# [Vector stores and retrievers](https://python.langchain.com/v0.2/docs/tutorials/retrievers/)

This notebook follows along with langchain documentation to create [vector stores and retrievers](https://python.langchain.com/v0.2/docs/tutorials/retrievers/)

In [1]:
#load env variables
from dotenv import load_dotenv
import os
load_dotenv()
open_ai_model = "gpt-3.5-turbo-0125"
OPENAI_API_KEY = os.getenv("OPENAI_API_KEY")

In [6]:
#mist imports
from typing import List, Tuple

# Vector Stores

In [2]:
#generating sample documents

from langchain_core.documents import Document

#this is a list of example documents
documents = [
    Document(
        page_content="Dogs are great companions, known for their loyalty and friendliness.",
        metadata={"source": "mammal-pets-doc"},
    ),
    Document(
        page_content="Cats are independent pets that often enjoy their own space.",
        metadata={"source": "mammal-pets-doc"},
    ),
    Document(
        page_content="Goldfish are popular pets for beginners, requiring relatively simple care.",
        metadata={"source": "fish-pets-doc"},
    ),
    Document(
        page_content="Parrots are intelligent birds capable of mimicking human speech.",
        metadata={"source": "bird-pets-doc"},
    ),
    Document(
        page_content="Rabbits are social animals that need plenty of space to hop around.",
        metadata={"source": "mammal-pets-doc"},
    ),
]


In [3]:
print(documents)

[Document(page_content='Dogs are great companions, known for their loyalty and friendliness.', metadata={'source': 'mammal-pets-doc'}), Document(page_content='Cats are independent pets that often enjoy their own space.', metadata={'source': 'mammal-pets-doc'}), Document(page_content='Goldfish are popular pets for beginners, requiring relatively simple care.', metadata={'source': 'fish-pets-doc'}), Document(page_content='Parrots are intelligent birds capable of mimicking human speech.', metadata={'source': 'bird-pets-doc'}), Document(page_content='Rabbits are social animals that need plenty of space to hop around.', metadata={'source': 'mammal-pets-doc'})]


the goal is to store documents in an unstructured way by associaitng them with an embedding.
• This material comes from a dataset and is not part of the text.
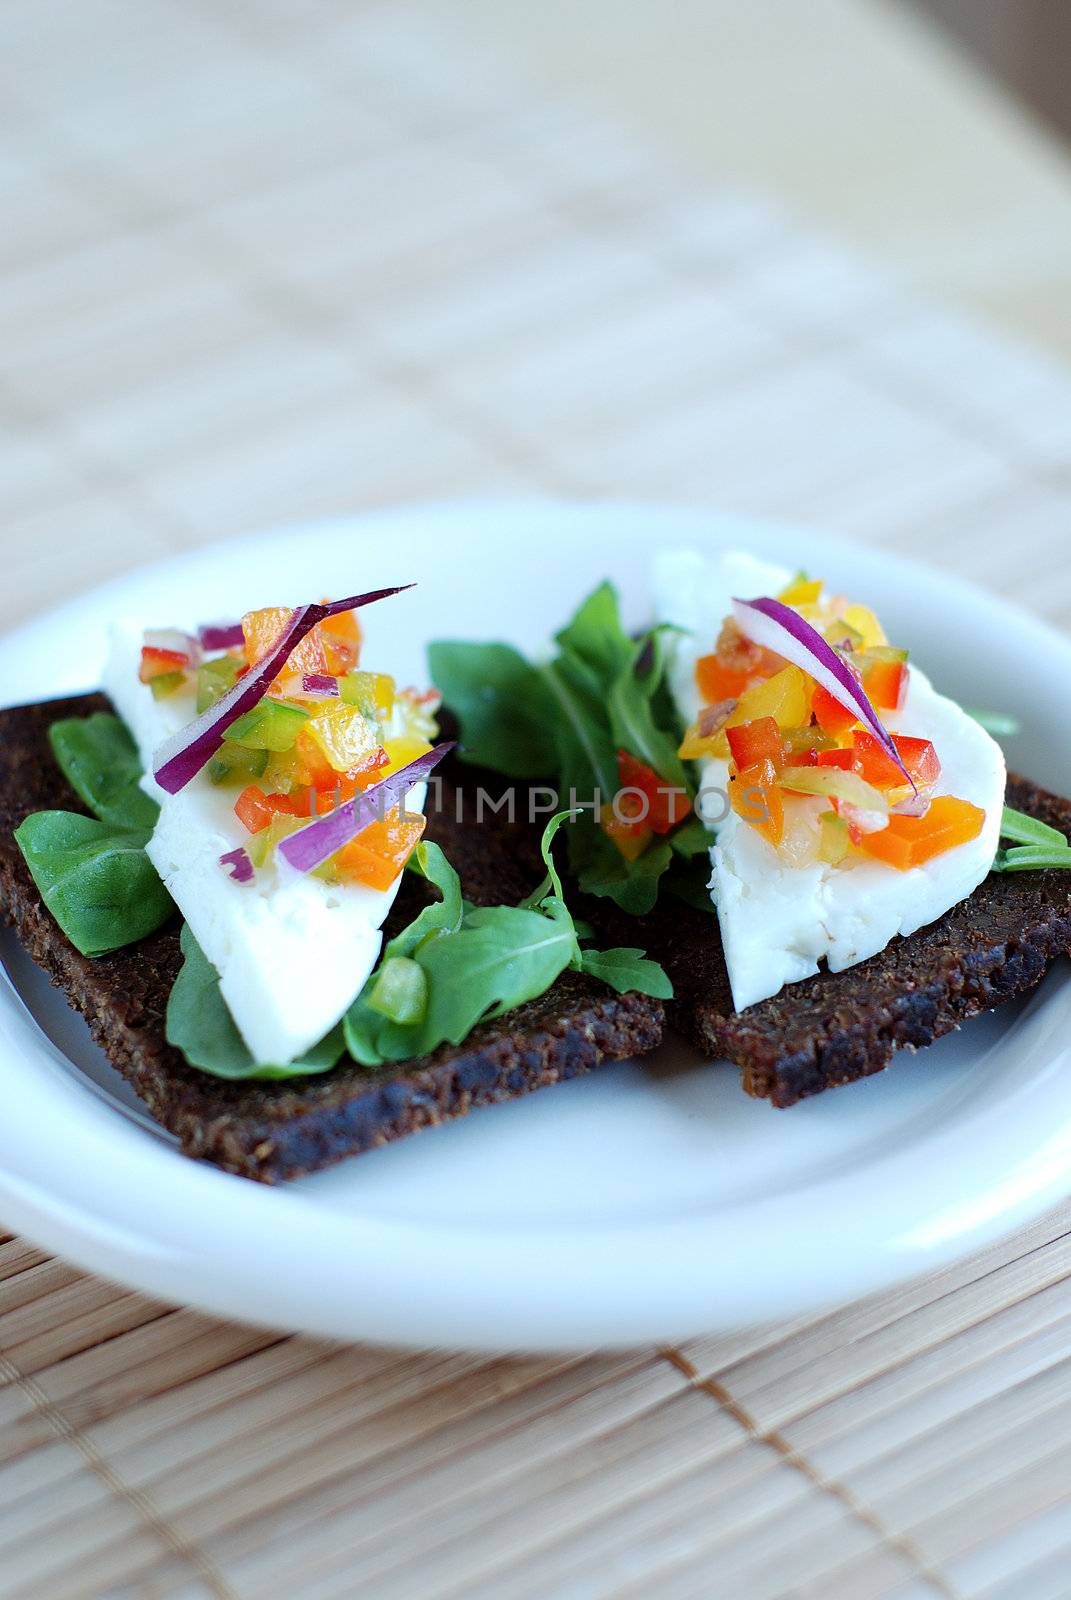 Pumpernickel and haloumi cheese sandwich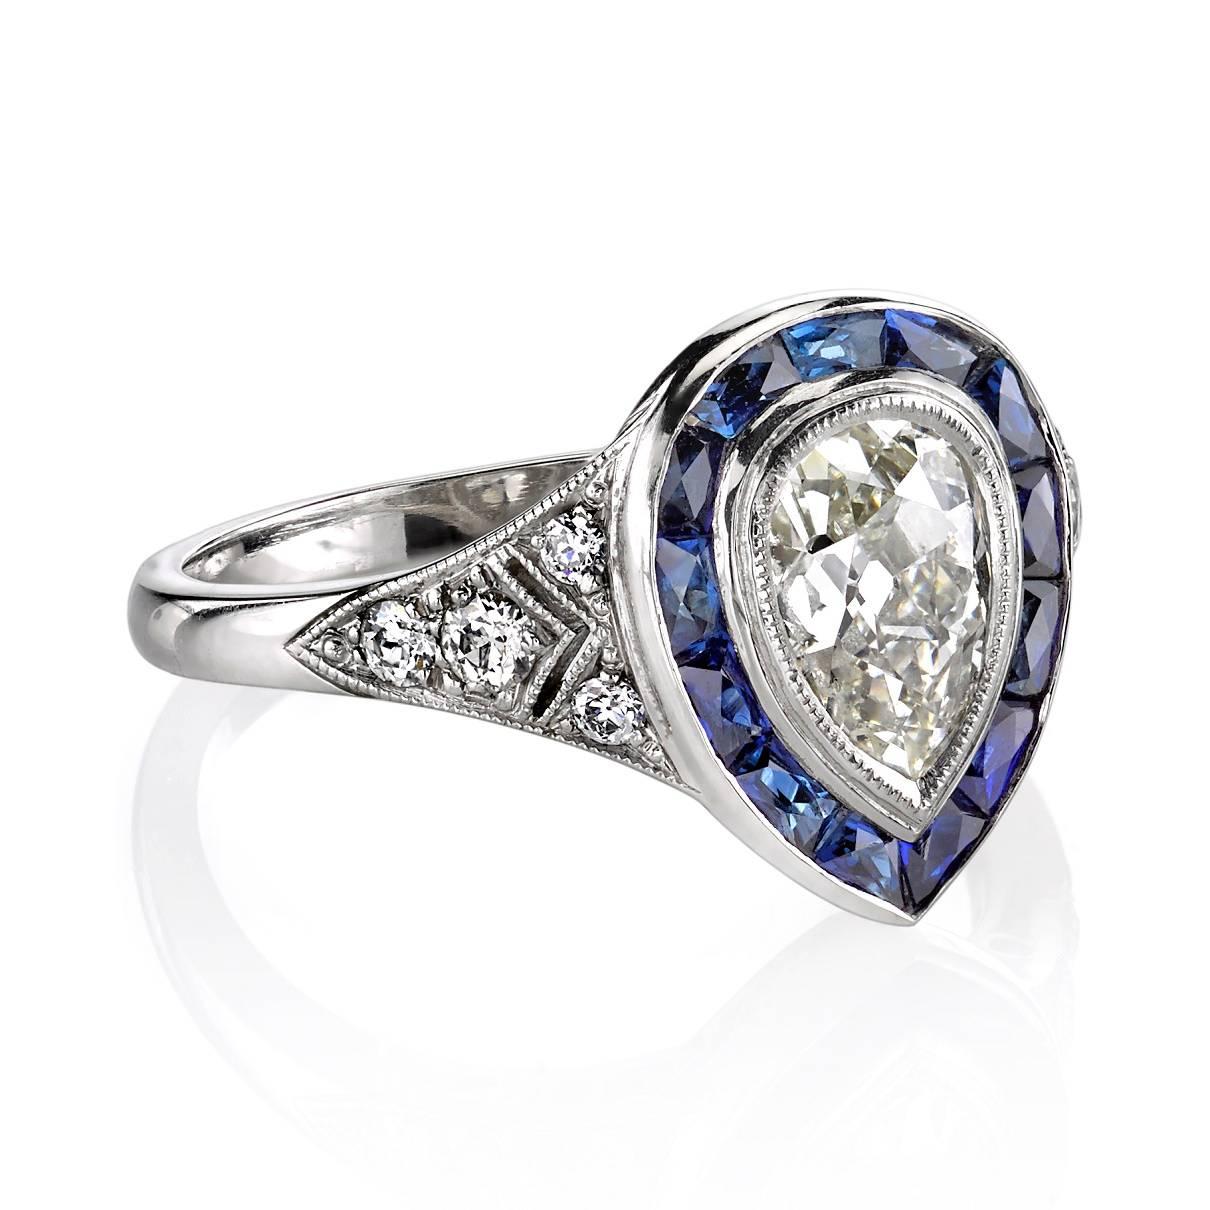 1.12ct I/VS1 EGL certified Pear shape diamond set in a handcrafted platinum mounting. A beautiful low profile design featuring intricate side details and a French cut sapphire halo.

We can query the documents by turning the query to an embedding of the same dimension, and selecting the most similar documents

[This](https://python.langchain.com/v0.2/docs/integrations/document_loaders/microsoft_word/) is how you can load word documents  
[This](https://python.langchain.com/v0.1/docs/modules/data_connection/document_loaders/pdf/) is how you can load pdfs

Vector stores need some place to store their embeddings. This can be a server such as postgres. Below, we use Chroma, which includes an in-memory implementation.

In [4]:
from langchain_chroma import Chroma
from langchain_openai import OpenAIEmbeddings

"""
vectorstore = Chroma.from_documents(
    documents,
    embedding=OpenAIEmbeddings(),
)

above code causes my kernel to crash. 
    ExitCode: 3221225477, Reason: (no reason given)
    I believe this is due to it running out of memory 
"""


#############
#Another method of creating db

vectorstore: Chroma = Chroma("langchain_store", OpenAIEmbeddings())
"""
ids = vectorstore.add_documents(documents)
similarly causes a crash
"""


'\nids = vectorstore.add_documents(documents)\nsimilarly causes a crash\n'

In [7]:
#to query data
pass # i cannot create a chromadb, so I will pass, below is what the code should look like
documents: List[Document] = vectorstore.similarity_search("cat") 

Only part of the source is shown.